When the RS was new, there was quite a bit of ire over the lack of a clutch pedal (as was the case with the original 991 GT3). But the Hamster was a vocal proponent of the PDK back then, pointing out that the variant couldn’t do its core job – namely lap times – without the time-saving snappiness of a dual-clutch automatic transmission. That view was borne out when driving: the combination of a 500bhp, naturally aspirated 4.0-litre flat-six engine and a quick-responding gearbox was less a functional advantage than a match made in heaven on the racetrack.

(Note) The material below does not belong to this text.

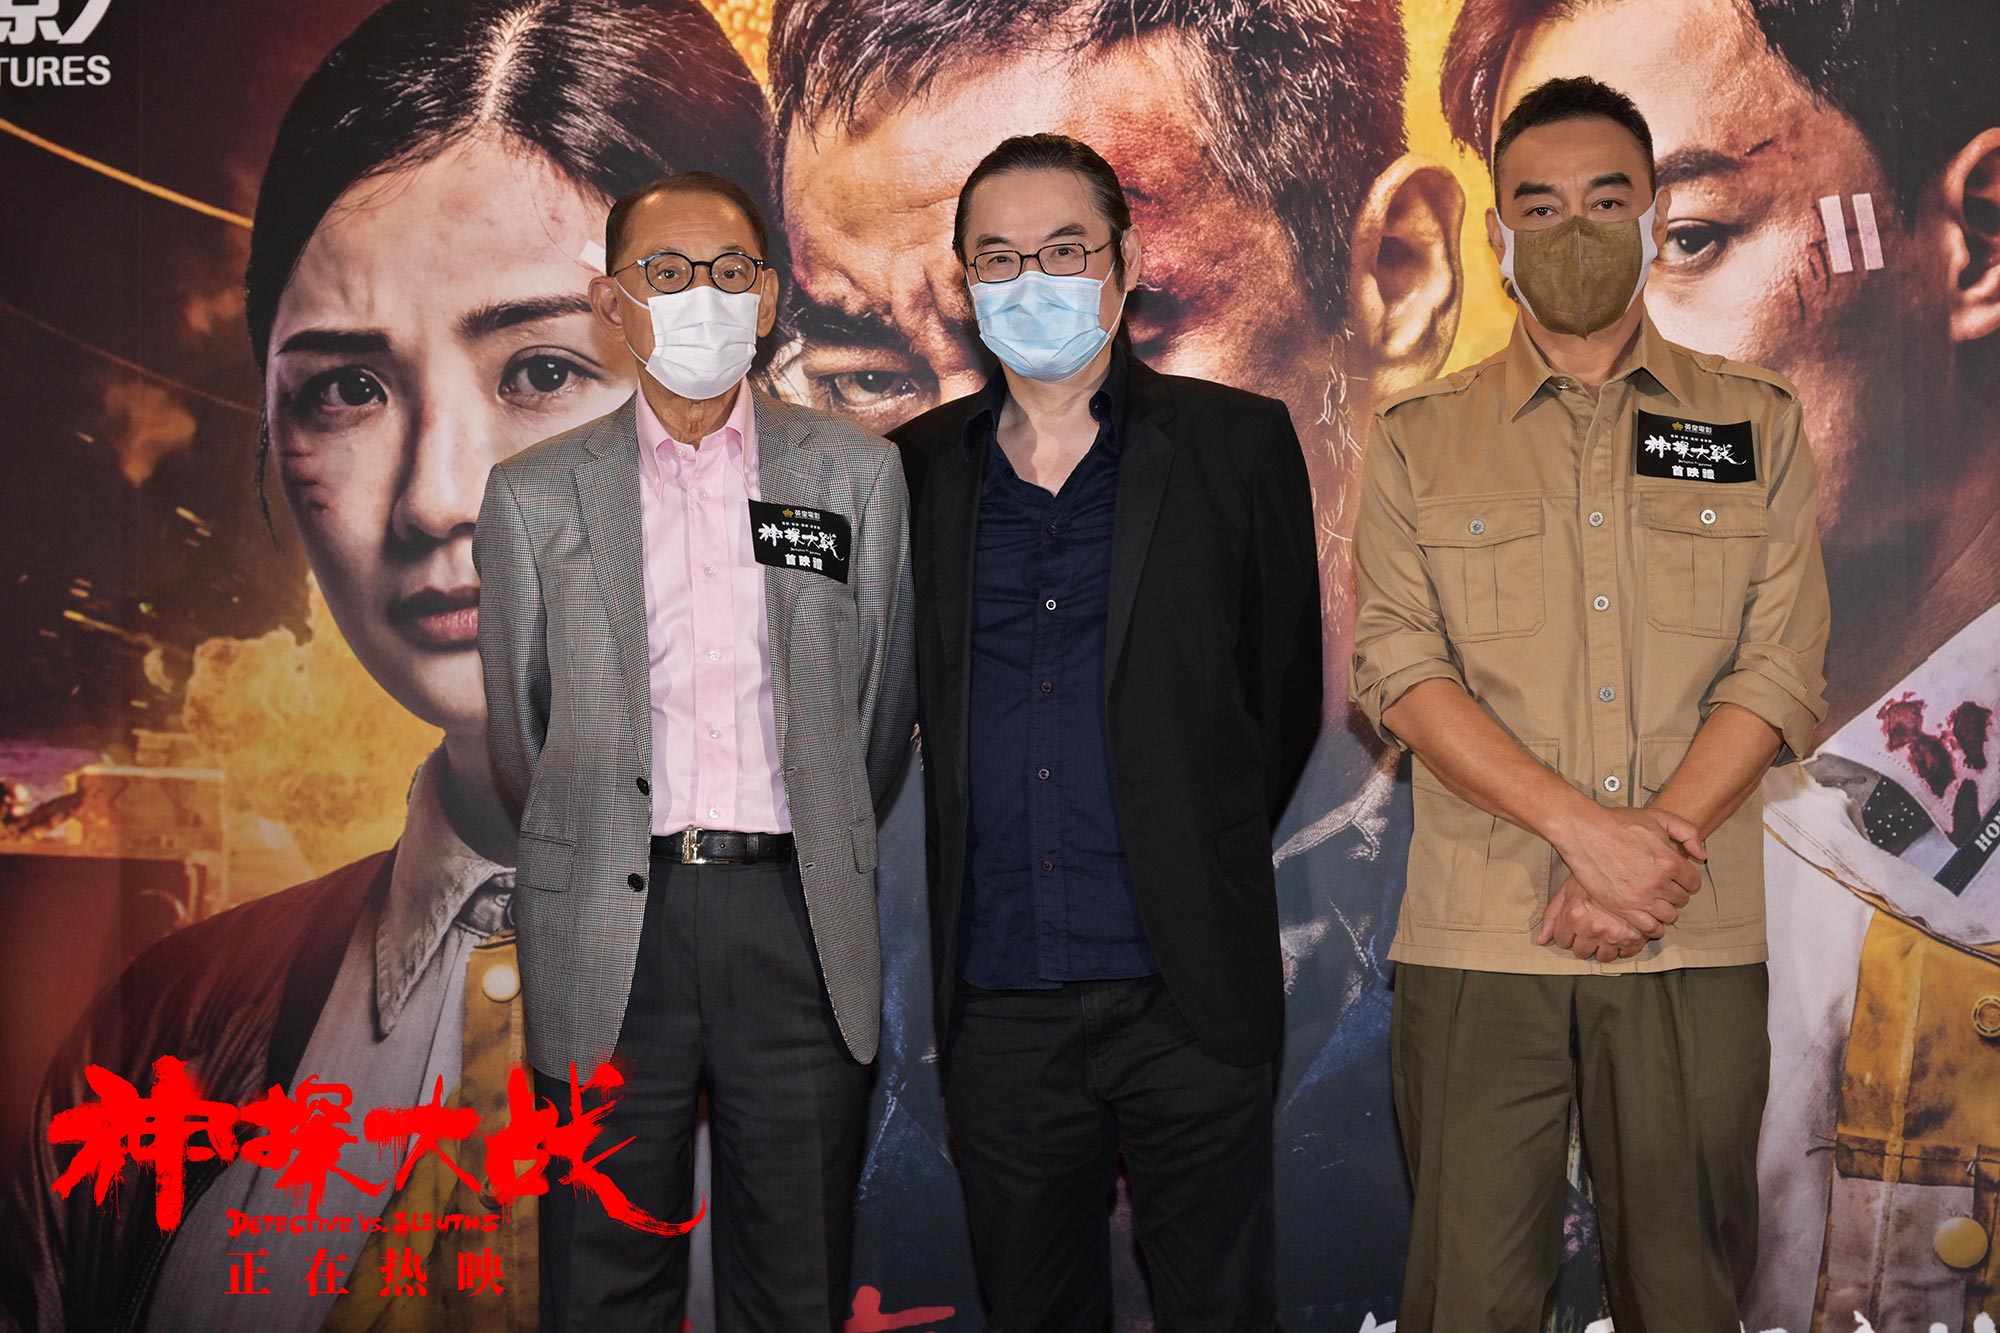 《神探大战》香港首映礼众星助阵 “神探回归”片段令网友大呼“内卷”

The rest of the car, with its extra-wide body from the Turbo (a first for the RS), had shrunk around the howling powertrain. It was louder, sleeker and much snappier to drive than the GT3, and depending on how much you liked that combination, it pretty much made all the difference whether you could justify the extra cost or not. For some, the road noise and crisp transmission of the road surface was too much. For others, it was a small price to pay for a sublimely hectic – yet wonderfully tame – experience that occurred every time you left the pit lane.

It would be interesting to know how long Hammond stuck with his model. It didn’t take Porsche long to move on to the 991.2 version of the RS, whose chassis components were so sophisticated that they broke the seven-minute barrier on the Nürburgring. The 992 version makes the aerodynamic package of its predecessor look downright dated. But there’s a lot to appreciate about the earlier 991, not least the idea that it might have been a little more accessible than the RS models that followed it. In any case, the £159,995 price tag – while still significantly higher than the £131,296 starting price that Hammond would have easily weathered – doesn’t seem like an unreasonable amount for what is undoubtedly one of the most memorable modern 911s.